> _EXERCISE PROMPT_
Show all the lines in the data below that include the word "Simple".

> _DATA FOR ANALYSIS_
□ □ □ □ □
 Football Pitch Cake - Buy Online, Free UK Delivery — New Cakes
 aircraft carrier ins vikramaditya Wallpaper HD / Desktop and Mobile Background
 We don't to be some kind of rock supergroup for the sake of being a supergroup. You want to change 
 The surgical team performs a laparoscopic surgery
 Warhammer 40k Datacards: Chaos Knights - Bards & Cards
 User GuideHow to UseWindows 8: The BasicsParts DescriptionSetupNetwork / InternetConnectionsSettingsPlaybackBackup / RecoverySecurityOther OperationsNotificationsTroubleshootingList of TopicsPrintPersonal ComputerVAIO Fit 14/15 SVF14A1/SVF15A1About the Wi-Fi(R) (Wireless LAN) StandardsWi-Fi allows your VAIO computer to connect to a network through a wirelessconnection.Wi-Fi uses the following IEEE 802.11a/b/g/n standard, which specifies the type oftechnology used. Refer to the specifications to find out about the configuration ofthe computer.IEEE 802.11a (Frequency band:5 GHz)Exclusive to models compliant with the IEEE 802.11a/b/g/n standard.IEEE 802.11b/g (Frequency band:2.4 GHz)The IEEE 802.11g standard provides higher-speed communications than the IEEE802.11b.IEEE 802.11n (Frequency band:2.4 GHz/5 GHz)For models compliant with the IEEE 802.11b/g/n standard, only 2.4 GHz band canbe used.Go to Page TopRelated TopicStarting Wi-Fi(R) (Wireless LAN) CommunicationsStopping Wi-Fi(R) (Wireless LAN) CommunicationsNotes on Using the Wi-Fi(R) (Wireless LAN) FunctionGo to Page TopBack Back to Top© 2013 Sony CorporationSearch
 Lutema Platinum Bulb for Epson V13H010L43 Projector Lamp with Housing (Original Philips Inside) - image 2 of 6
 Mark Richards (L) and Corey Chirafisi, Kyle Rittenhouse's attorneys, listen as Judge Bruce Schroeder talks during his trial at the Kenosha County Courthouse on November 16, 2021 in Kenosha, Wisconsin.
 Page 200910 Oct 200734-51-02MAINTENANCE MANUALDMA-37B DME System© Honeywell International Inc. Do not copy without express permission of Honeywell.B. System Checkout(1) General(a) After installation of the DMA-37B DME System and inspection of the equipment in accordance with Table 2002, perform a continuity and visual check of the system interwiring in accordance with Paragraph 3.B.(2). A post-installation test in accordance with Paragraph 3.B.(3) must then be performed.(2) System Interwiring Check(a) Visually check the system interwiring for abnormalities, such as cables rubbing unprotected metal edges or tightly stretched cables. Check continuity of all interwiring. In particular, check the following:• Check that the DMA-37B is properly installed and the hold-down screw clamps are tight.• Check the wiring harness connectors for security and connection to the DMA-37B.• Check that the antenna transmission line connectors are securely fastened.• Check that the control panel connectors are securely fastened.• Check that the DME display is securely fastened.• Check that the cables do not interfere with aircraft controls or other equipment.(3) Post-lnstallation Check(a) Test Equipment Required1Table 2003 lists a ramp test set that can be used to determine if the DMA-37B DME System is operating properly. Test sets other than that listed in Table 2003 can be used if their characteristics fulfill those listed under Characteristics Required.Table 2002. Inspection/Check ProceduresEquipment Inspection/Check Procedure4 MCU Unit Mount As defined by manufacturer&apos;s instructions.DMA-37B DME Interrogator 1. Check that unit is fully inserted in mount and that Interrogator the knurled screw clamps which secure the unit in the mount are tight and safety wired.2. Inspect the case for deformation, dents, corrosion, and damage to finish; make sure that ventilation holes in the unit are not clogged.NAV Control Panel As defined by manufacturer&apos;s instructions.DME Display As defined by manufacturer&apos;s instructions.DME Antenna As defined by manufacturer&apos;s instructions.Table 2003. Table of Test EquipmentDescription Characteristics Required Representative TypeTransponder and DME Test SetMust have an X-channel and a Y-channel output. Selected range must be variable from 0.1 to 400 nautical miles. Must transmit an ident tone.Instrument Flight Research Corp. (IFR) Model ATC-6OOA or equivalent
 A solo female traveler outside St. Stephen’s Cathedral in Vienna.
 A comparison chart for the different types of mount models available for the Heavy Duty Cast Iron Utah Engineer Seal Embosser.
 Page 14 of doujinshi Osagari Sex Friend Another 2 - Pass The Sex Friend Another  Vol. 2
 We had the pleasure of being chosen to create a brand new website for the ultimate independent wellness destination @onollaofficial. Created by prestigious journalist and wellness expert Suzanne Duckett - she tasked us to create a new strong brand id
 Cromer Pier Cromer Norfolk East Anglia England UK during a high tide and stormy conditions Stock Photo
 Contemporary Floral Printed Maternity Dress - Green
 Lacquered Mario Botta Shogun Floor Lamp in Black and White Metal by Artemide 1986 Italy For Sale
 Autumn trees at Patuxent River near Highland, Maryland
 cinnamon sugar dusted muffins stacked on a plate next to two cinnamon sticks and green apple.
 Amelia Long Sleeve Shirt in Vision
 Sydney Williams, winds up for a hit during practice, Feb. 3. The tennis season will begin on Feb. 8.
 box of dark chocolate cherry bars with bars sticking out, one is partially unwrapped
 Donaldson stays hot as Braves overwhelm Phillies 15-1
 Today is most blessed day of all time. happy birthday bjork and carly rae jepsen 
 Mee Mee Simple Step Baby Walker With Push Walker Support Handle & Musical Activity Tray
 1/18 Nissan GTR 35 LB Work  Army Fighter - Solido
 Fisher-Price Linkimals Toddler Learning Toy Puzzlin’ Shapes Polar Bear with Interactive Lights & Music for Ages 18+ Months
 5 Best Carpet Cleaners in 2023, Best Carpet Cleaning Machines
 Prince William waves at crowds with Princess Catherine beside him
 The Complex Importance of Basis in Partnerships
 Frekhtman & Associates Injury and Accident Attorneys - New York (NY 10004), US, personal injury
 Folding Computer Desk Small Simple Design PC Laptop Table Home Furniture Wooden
□ □ □ □ □
> _EXPECTED OUTPUT_
 Mee Mee Simple Step Baby Walker With Push Walker Support Handle & Musical Activity Tray
 Folding Computer Desk Small Simple Design PC Laptop Table Home Furniture Wooden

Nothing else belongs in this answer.